I never paid attention to his resume beyond the fact that he worked at Givenchy and Burberry under Riccardo.

He actually started his career at Margiela, under Martin and after from 2005 to 2013. Then he went to Hermes.

This is a heavy weight!
And that explain his versatility.

The multi pleats 3d layers and graphic cold and empty artyness remind me of Pieters last 2 collection for ALAIA
But Fillipo better than Pieter ????!!!!!!no no no Pieter has at least pretense of some refinement in design or attempts of it.....this Missoni guy design´s are just child like.
Sorry i don't see any of the mentioned qualities for the brand Missoni or for any brand as a matter of fact.

Its ok really i don't like any of it Zero next show i will avoid open the threads its on my no need to see list now.
I’m gracefully agree to disagree. Pieter Muller can’t compete with Grazioli. He maybe has a better position but that’s it.
 
As far as I could remember, this is probably the best Missoni collection in a long time. Some of the looks with fringes and ruffles are done so right that you forget they are from the stale Missoni brand. I think the designer has great potential if he is going to do Chole with lighter fabric instead of being limited by the knitwear code.
 
This is a heavy weight!
And that explain his versatility.

That is really a great resume! And his works speaks for itself. Never seen any pretentious interviews.

Im a bit confused by the set but to have such a empty and ugly set and still have one of the best shows in milan...
 
Im a bit confused by the set but to have such a empty and ugly set and still have one of the best shows in milan...
That’s why I wonder if the Missoni are actually really investing in his Vision.
Because Missoni has always been marketed as a resort wear kind of brand. And I don’t think that except for Milan and NYC it’s not really sold like that in fashion cities.
I think even a little corner in Paris wouldn’t hurt.

Because the man was the head designer for the womenswear RTW collection at Margiela so he can do more.
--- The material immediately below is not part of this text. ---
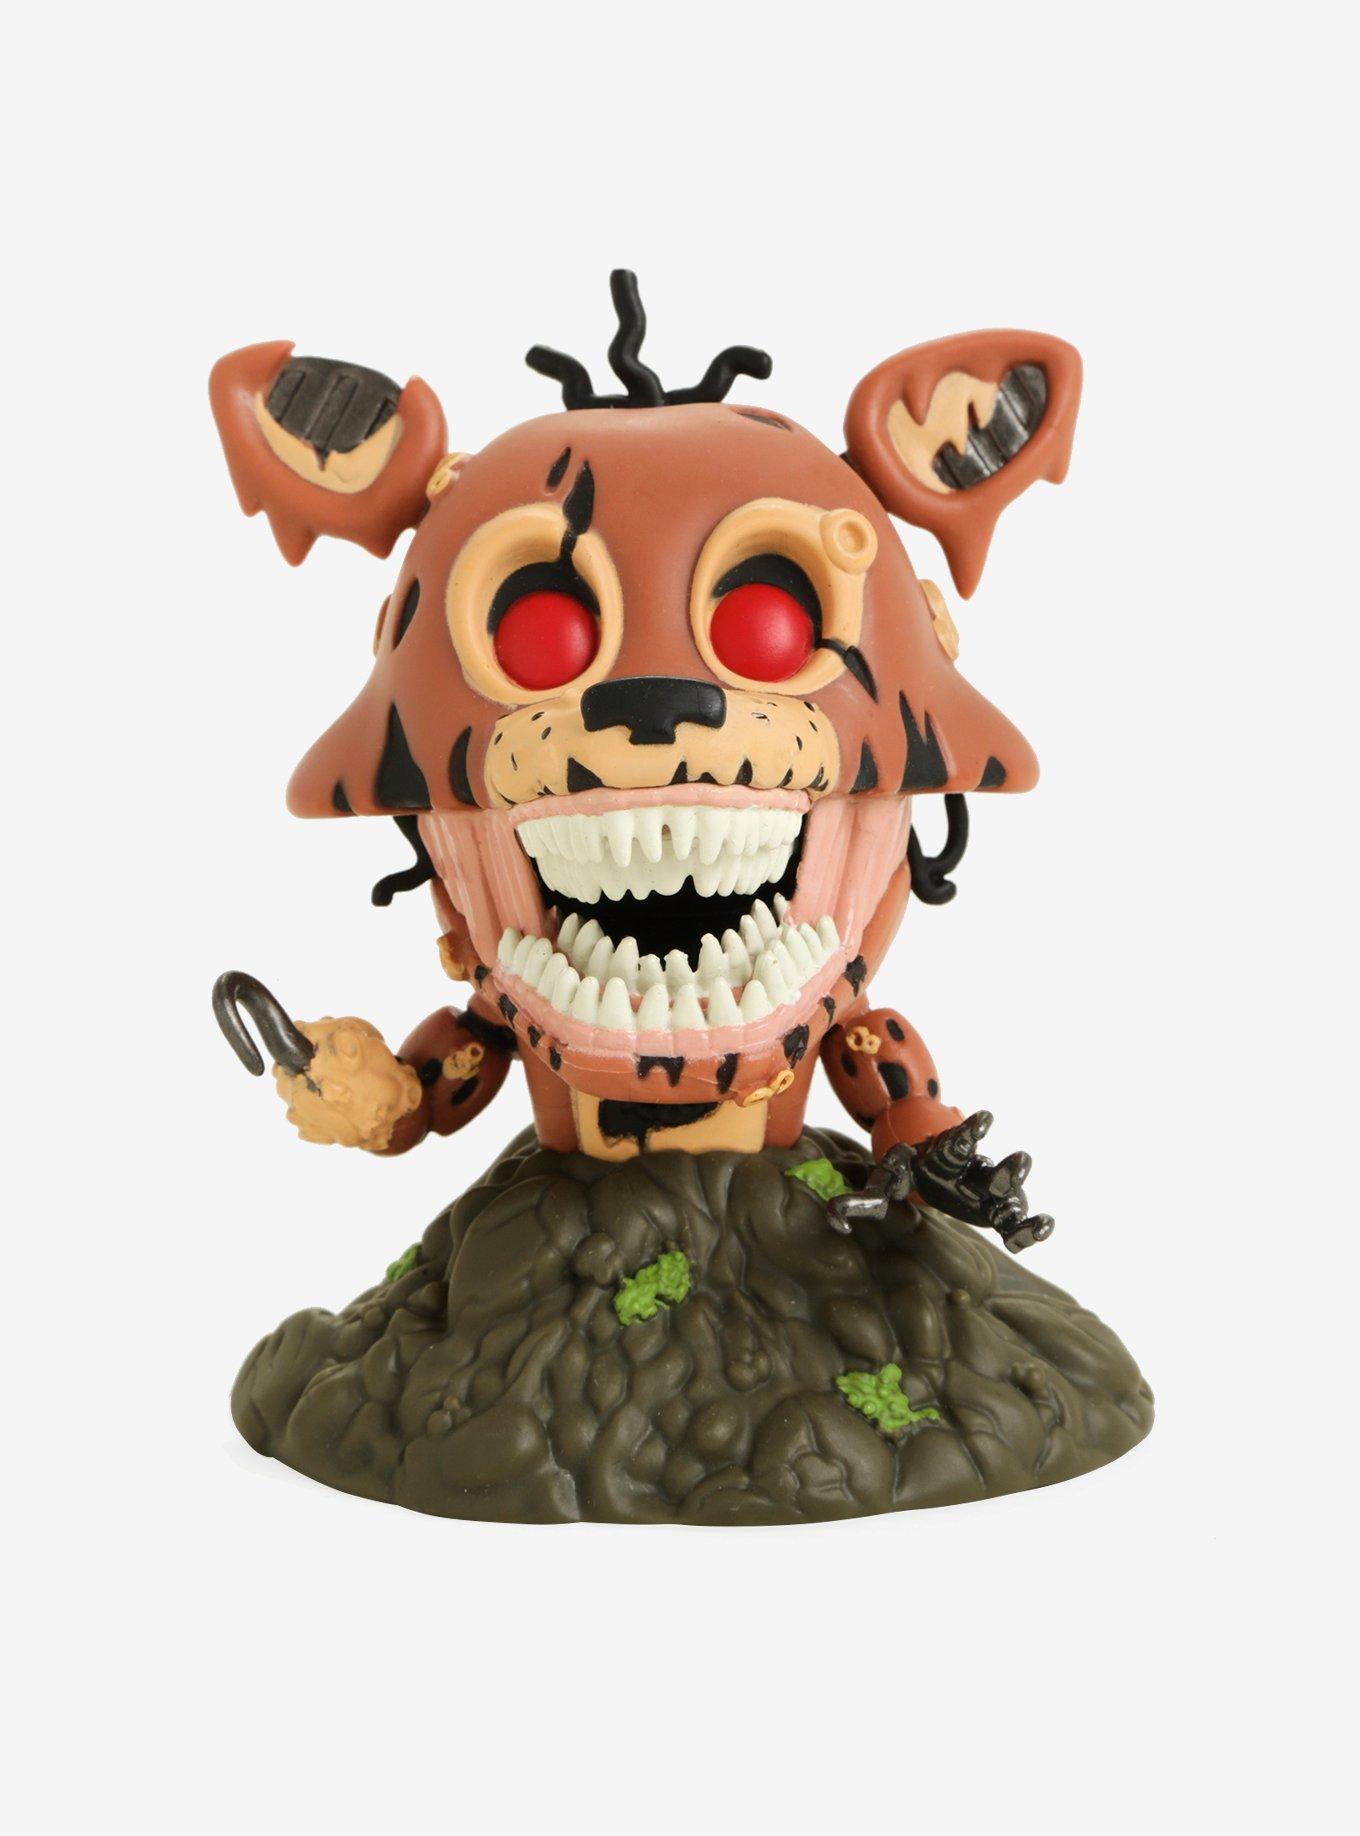  POP Five Nights at Freddy's The Twisted Ones - Twisted Wolf  Funko Pop! Vinyl Figure (Bundled with Compatible Pop Box Protector Case),  Multicolor, 3.75 inches : Toys & Games
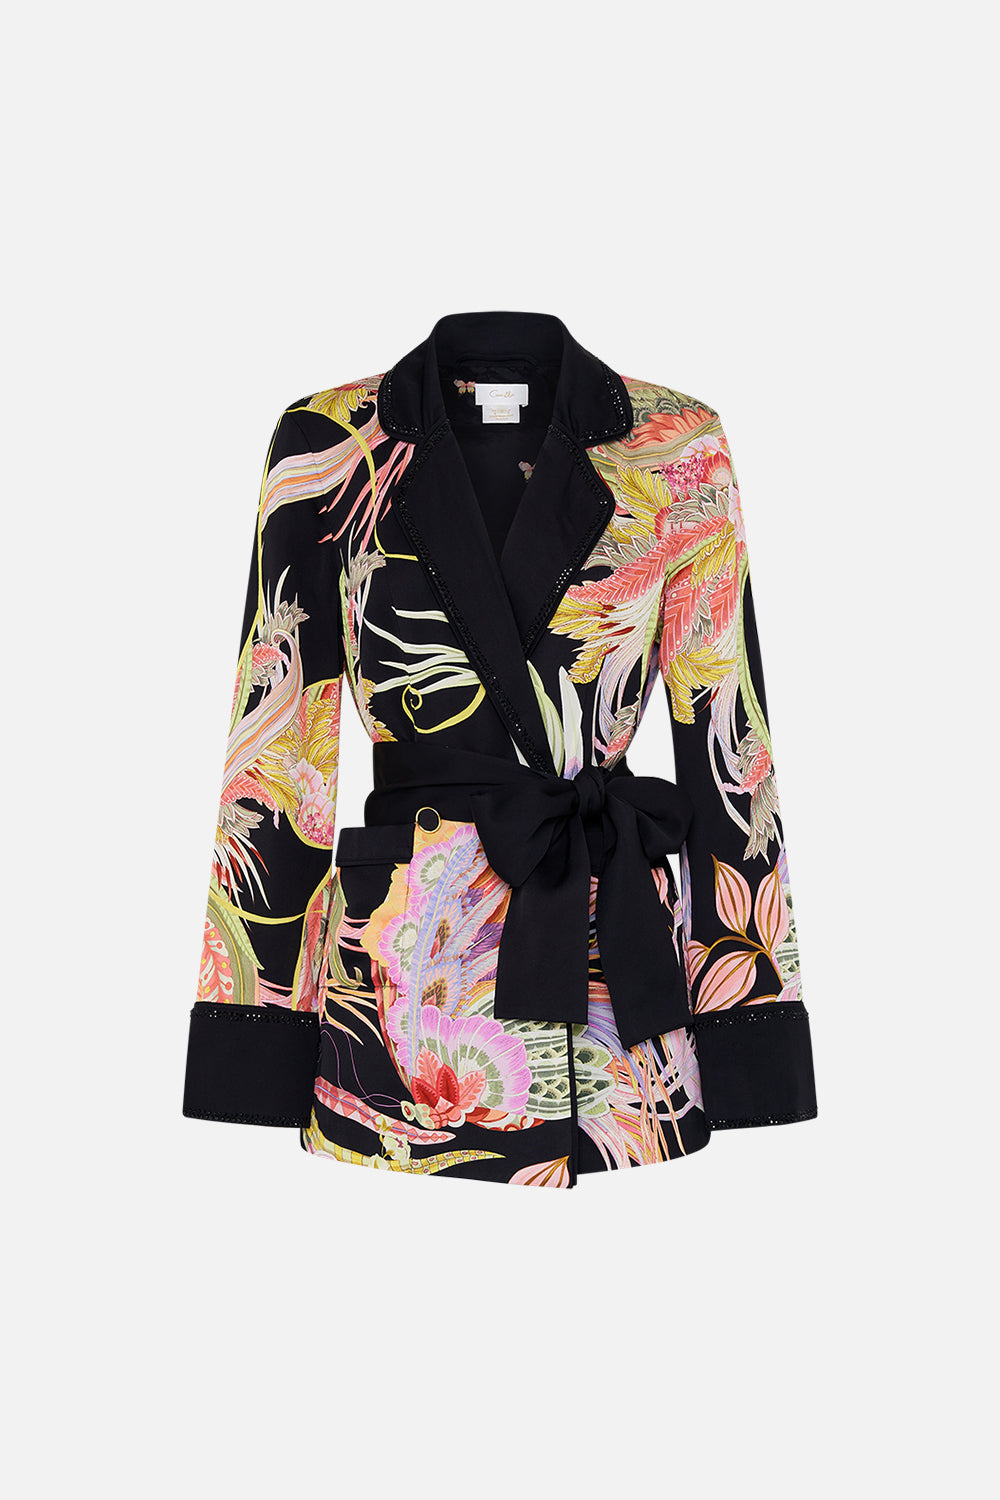 Product view of CAMILLA deisgner jacket in lady of The Moon Print

Blazy was only responsible for the Artisanal.

When you look at the Margiela collections from 2007 to 2013, you see some touches in his Missoni.

I find it fascinating that someone who worked with a relative neutral palette most of his career can do such a flip and be so at ease with Missoni.

It’s refreshing to see something that go against the narrative around designers doing the same thing over and over again.
It’s good to see someone use the heritage of a house that seems totally different from his core aesthetic to explore new things.